I need to keep reminding myself that I’ve felt struggles like this before and overcame them. And I am better for it. The moments I am most proud of have come when I put myself out of my comfort zone. Here are two times that I met a challenge and made it out the other side:

  • I had never completed an extended field season before my PhD. Missing out on field work was a weakness that I needed to strengthen. Only a couple months into my PhD, I found myself spending two of the most rewarding years of my life to date doing fieldwork and living in my study area. I was solely in charge of my data collection and the direction of my research. The daily progress was hard to see, but from start to end the changes were huge.
  • When I submitted my Vanier application, I got the advice from a mentor to write a proposal for a great project, not the one I thought I was completely prepared to do. It allowed me to go beyond the boundaries I set for myself and be truly creative with my ideas. I also had to work on developing a personal narrative, which takes some deep reflection on who you have demonstrated yourself to be and envision your role in the future. I felt extremely vulnerable. Though I quickly started to worry my application was terrible, it felt like the best and most authentic thing I had ever done. A few months later the struggle paid off.

Even though challenges are a catalyst for growth, growth doesn’t happen without a push. In these instances, I pushed the edge of what I was comfortable doing, and in that discomfort is where I found rewards. During these periods, it’s easy to feel distressed and hard to have perspective. Luckily my achievements don’t happen in isolation: I have support from my mentors, advocates, colleagues and friends as I tackle these things. We all need support, so I urge everyone to talk to trusted and caring people, including counselling and wellness programs available to students.
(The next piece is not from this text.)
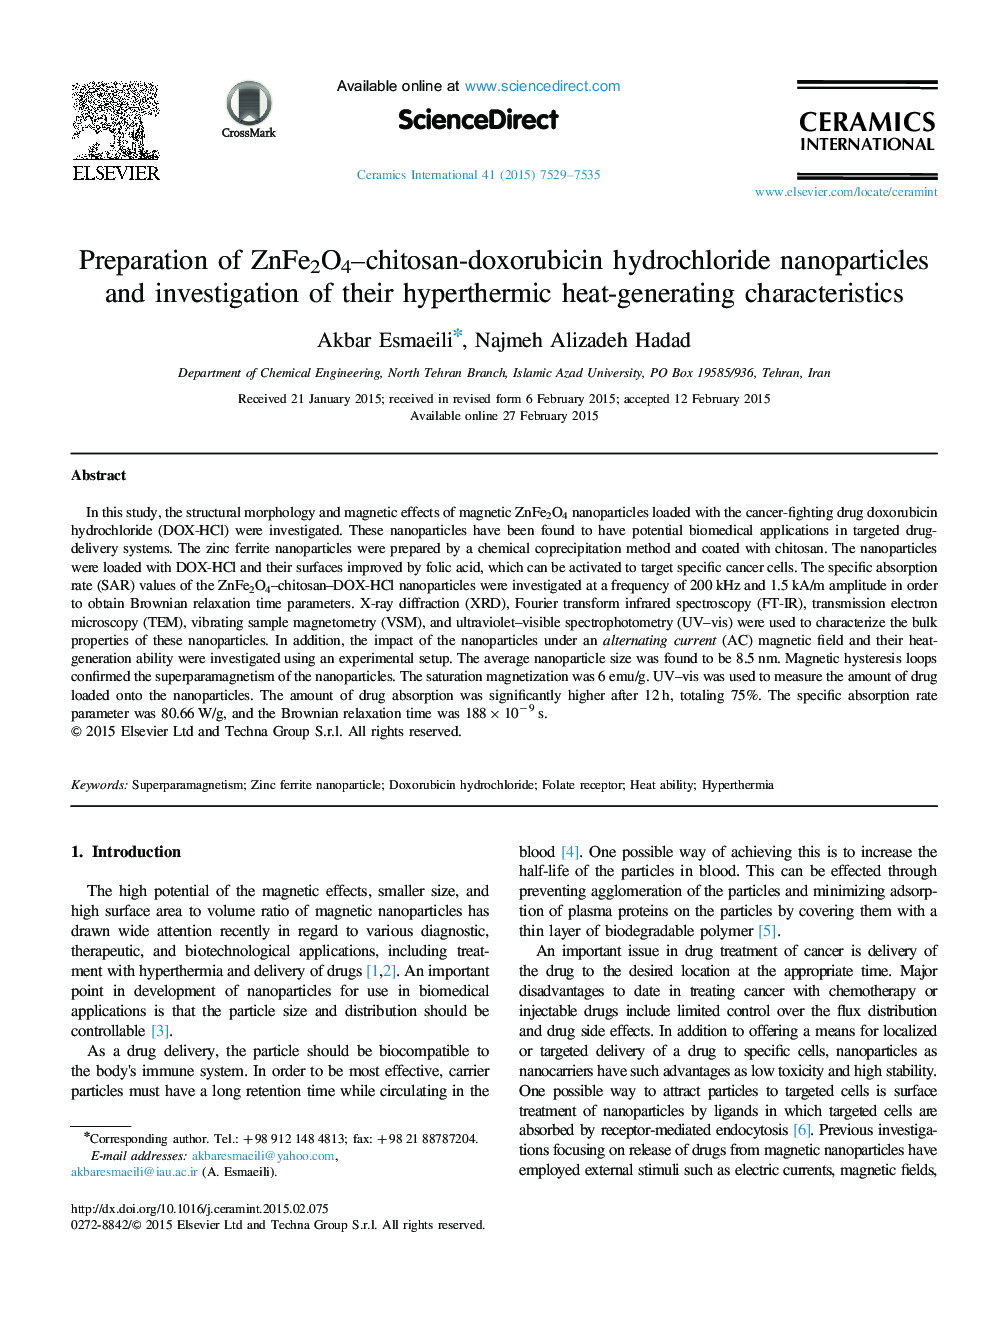 Preparation of ZnFe2O4–chitosan-doxorubicin hydrochloride nanoparticles and investigation of their hyperthermic heat-generating characteristics
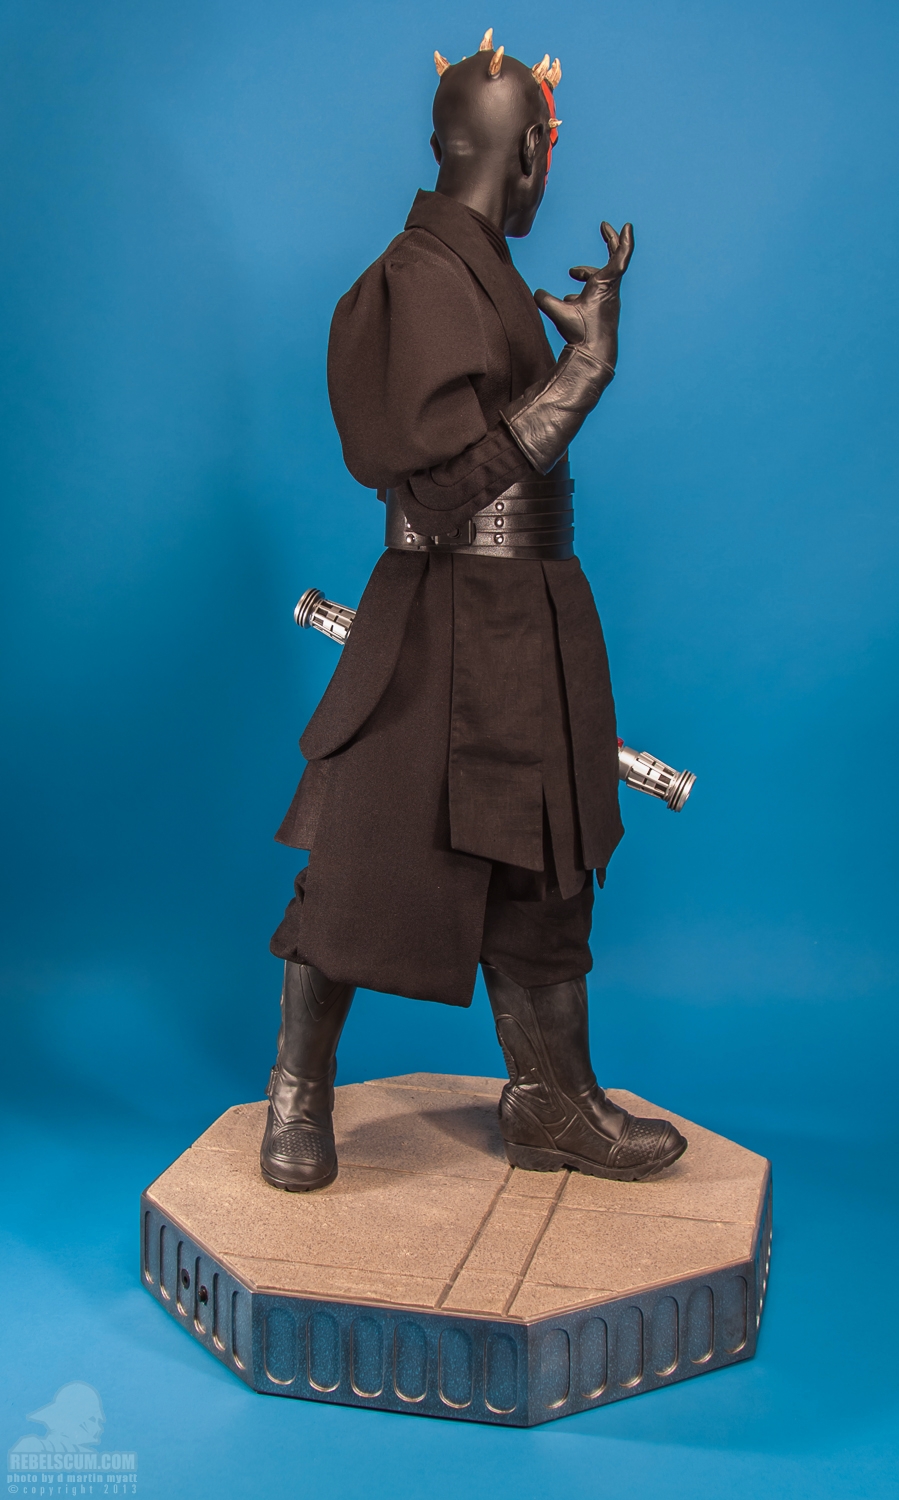 Darth_Maul_Legendary_Scale_Figure_Sideshow_Collectibles-02.jpg

It is scary to admit things aren’t turning out as you hoped, and you don’t have all the answers. When someone suggested I write about this I was resistant because I didn’t feel like I had an ending yet, and I still feel that way. It would have been nice to write about struggles completely retrospectively because I could offer you a neatly packaged reflection beginning with my problems with a concluding resolution!  Luckily, I was convinced that unfinished stories are sometimes the best ones, because it’s the journey that matters most.